5.1.4 Saving Propesnsity Score

Now we will save the new propensity scores:

Code

chr_fin1$ps00 <- psmodel00$fitted

chr_fin1$linps00 <- psmodel00$linear.predictors

5.1.5 Comparing The PS Distribution of The Two Exposure Groups

Code

df_stats(ps00 + linps00 ~ dentist_grp, data = chr_fin1) |>
  gt() |> fmt_number(columns = c(-n, -missing), decimals = 3) |> 
  opt_stylize(style = 2, color = "pink")

response	dentist_grp	min	Q1	median	Q3	max	mean	sd	n
ps00	High	0.000	0.004	0.026	0.137	0.992	0.145	0.254	777
ps00	Low	0.014	0.828	0.936	0.982	1.000	0.855	0.195	777
linps00	High	−20.056	−5.575	−3.626	−1.842	4.880	−3.839	3.430	777
linps00	Low	−4.238	1.570	2.689	4.015	10.800	2.707	1.906	777

The propensity scores slightly improved after removing the variables with high collinearity values. However, the problem with their values being too close to 0 or 1 is visibly persistent.
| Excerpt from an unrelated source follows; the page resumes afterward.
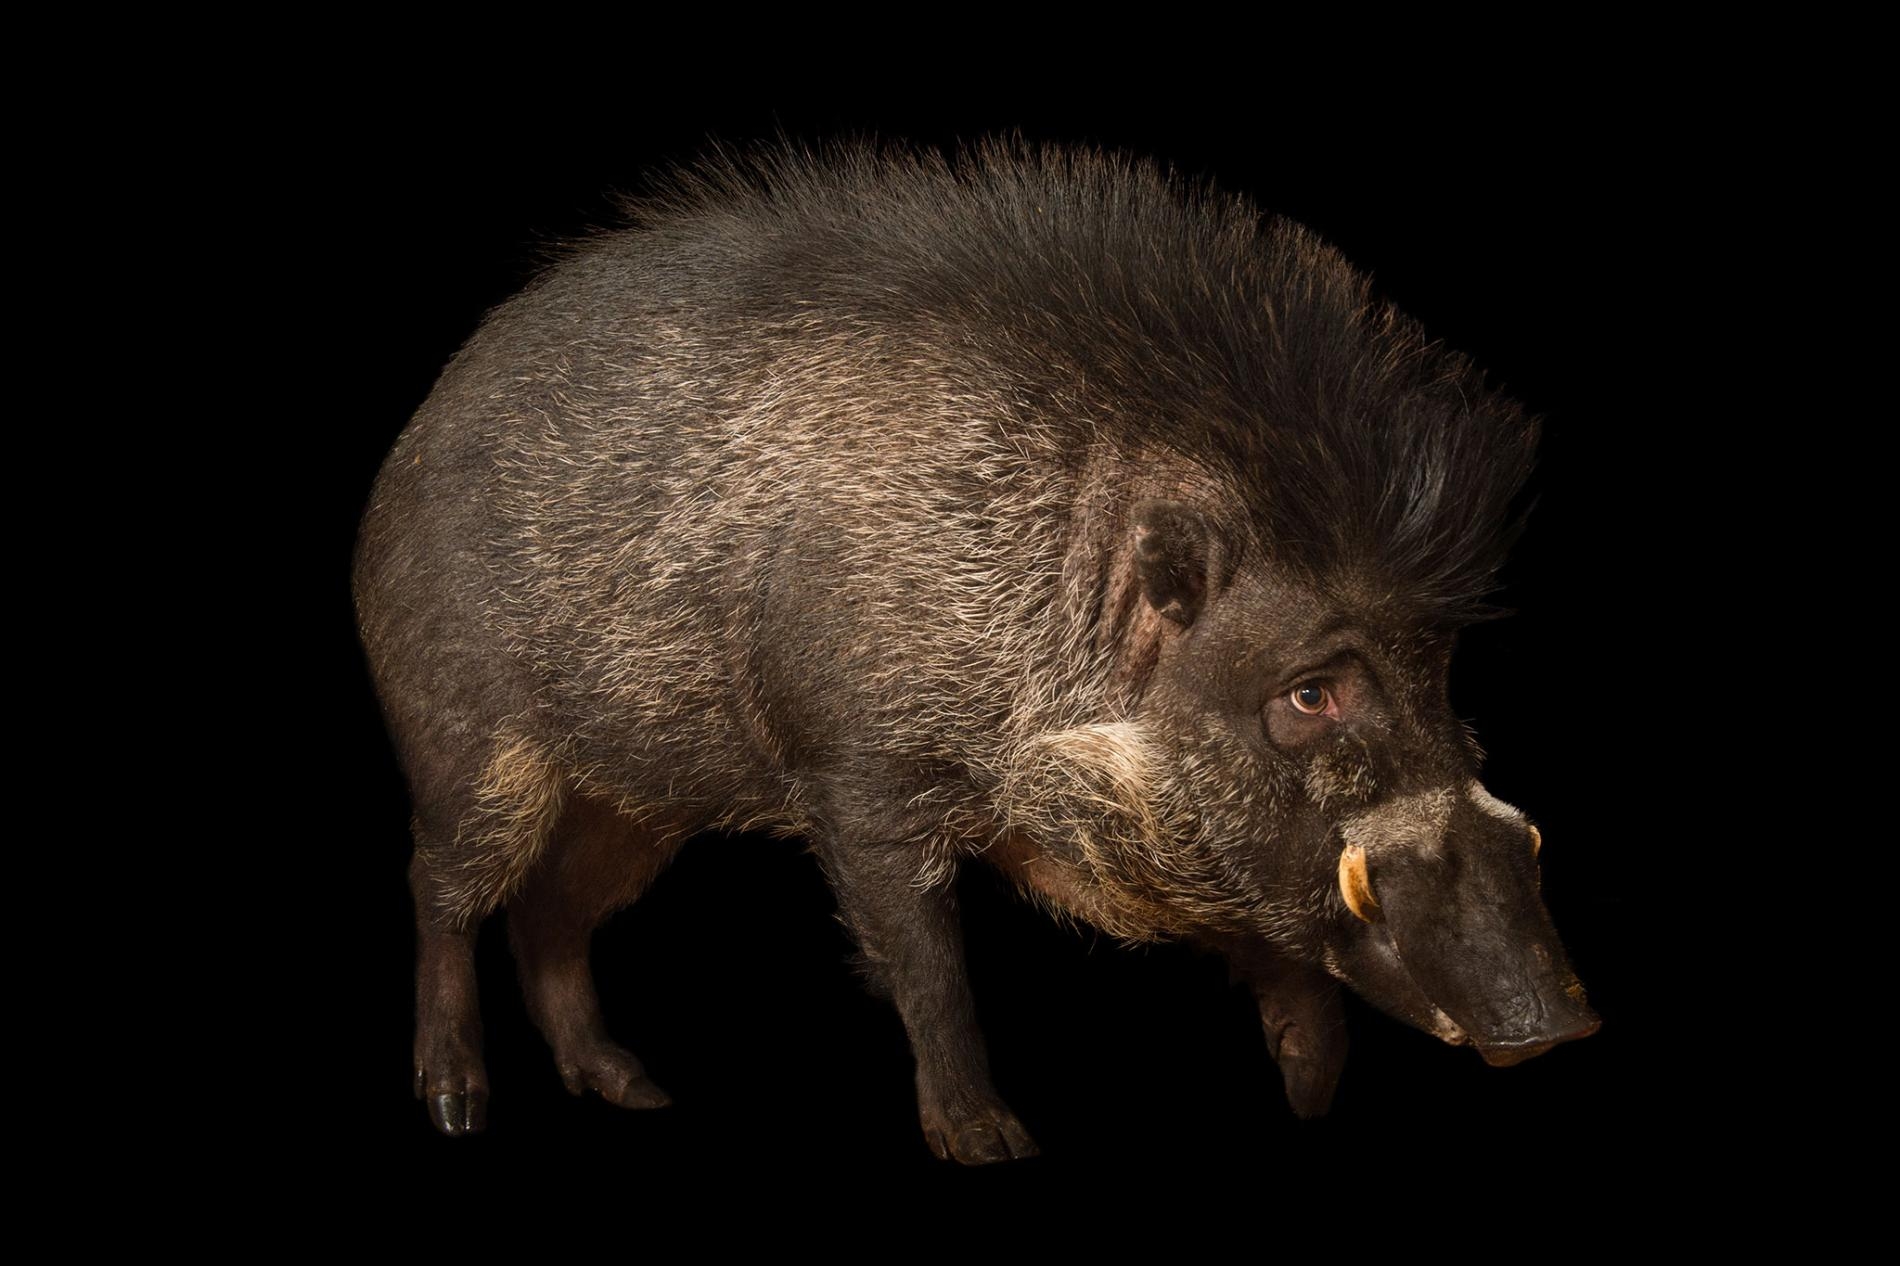 目前養在圈養環境中的捲毛野豬（<i>Sus cebifrons</i>, 圖為明尼蘇達動物園的捲毛野豬）大約只有300頭。牠們在野外的族群狀況不明。PHOTOGRAPH BY JOEL SARTORE, NATIONAL GEOGRAPHIC PHOTO ARK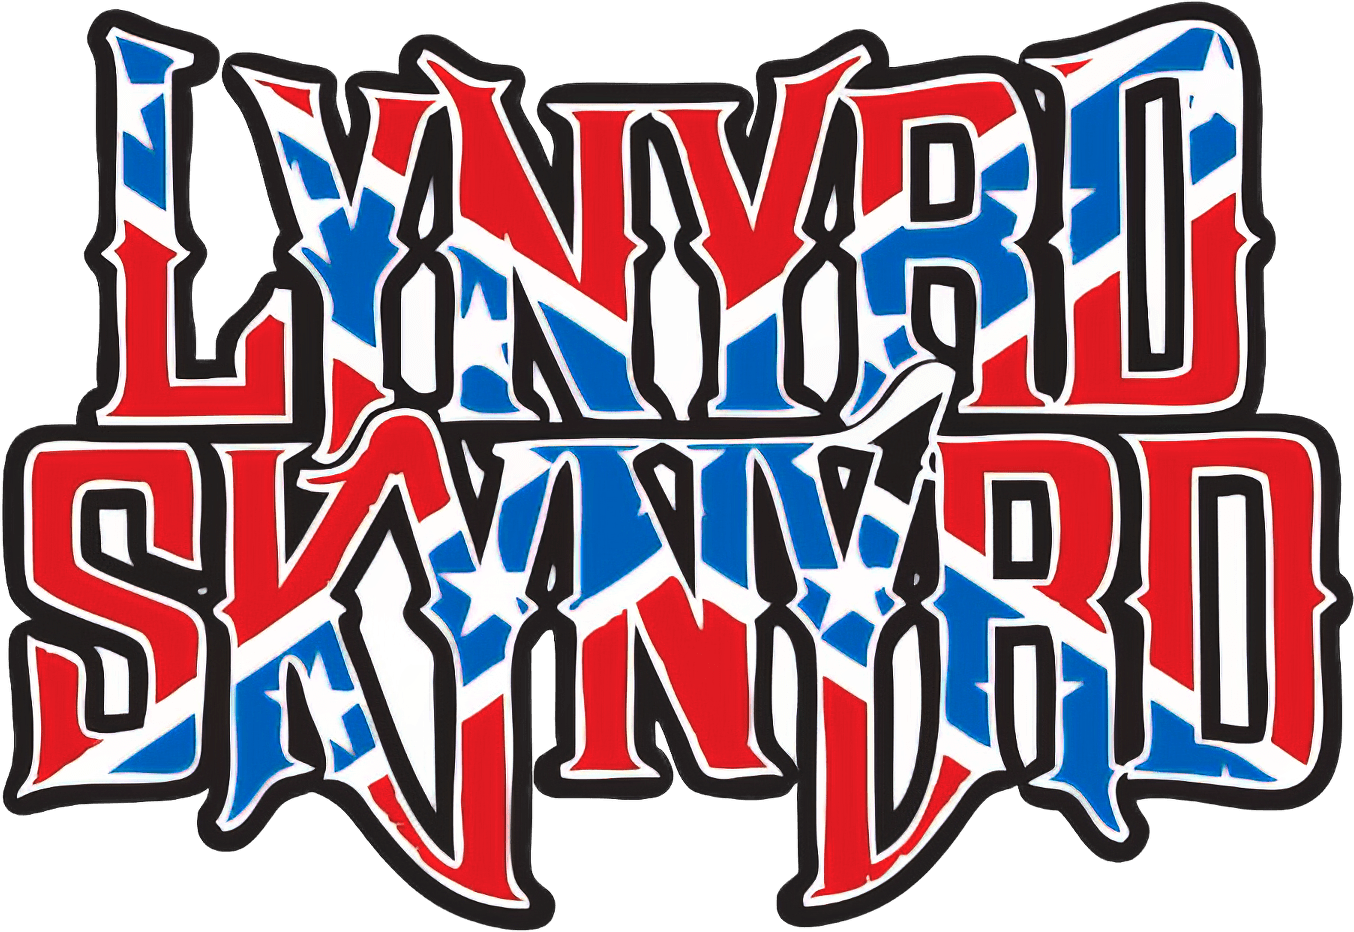 Lynyrd Skynyrd : Live at Winterland 1975 logo

5.1.5.1 Fixed Propensity Score - Part 2

We will attempt to observe the impact of each covariate on the outcome individually to rule out the variable(s) that impacted the PS values.

5.1.5.1.1 `poor_mental`

Code

psmodel_pm <- glm(dentist_grp ~  poor_mental, 
                family = binomial(), data= chr_fin1)

model_parameters(psmodel_pm) |> 
  gt() |> fmt_number(decimals = 3) |> 
  opt_stylize(style = 1, color = "pink")

Parameter	Coefficient	SE	CI	CI_low	CI_high	z	df_error	p
(Intercept)	−4.579	0.458	0.950	−5.487	−3.692	−10.004	Inf	0.000
poor_mental	0.883	0.088	0.950	0.713	1.057	10.077	Inf	0.000

5.1.5.1.2 Saving Propesnsity Score

Now we will save the new propensity scores:

Code

chr_fin1$ps_pm <- psmodel_pm$fitted

chr_fin1$linps_pm <- psmodel_pm$linear.predictors

5.1.5.1.3 Comparing The PS Distribution of The Two Exposure Groups

Code

df_stats(ps_pm + linps_pm ~ dentist_grp, data = chr_fin1) |>
  gt() |> fmt_number(columns = c(-n, -missing), decimals = 3) |> 
  opt_stylize(style = 2, color = "pink")

response	dentist_grp	min	Q1	median	Q3	max	mean	sd	n
ps_pm	High	0.146	0.376	0.463	0.552	0.785	0.465	0.123	777
ps_pm	Low	0.150	0.448	0.549	0.632	0.875	0.535	0.132	777
linps_pm	High	−1.766	−0.505	−0.147	0.209	1.294	−0.151	0.523	777
linps_pm	Low	−1.738	−0.207	0.196	0.542	1.945	0.148	0.568	777

The poor_mental variable looks has two linear PS less than 0.01 and above 1.

5.1.5.1.4 `food_index`

Code

psmodel_fi <- glm(dentist_grp ~  food_index, 
                family = binomial(), data= chr_fin1)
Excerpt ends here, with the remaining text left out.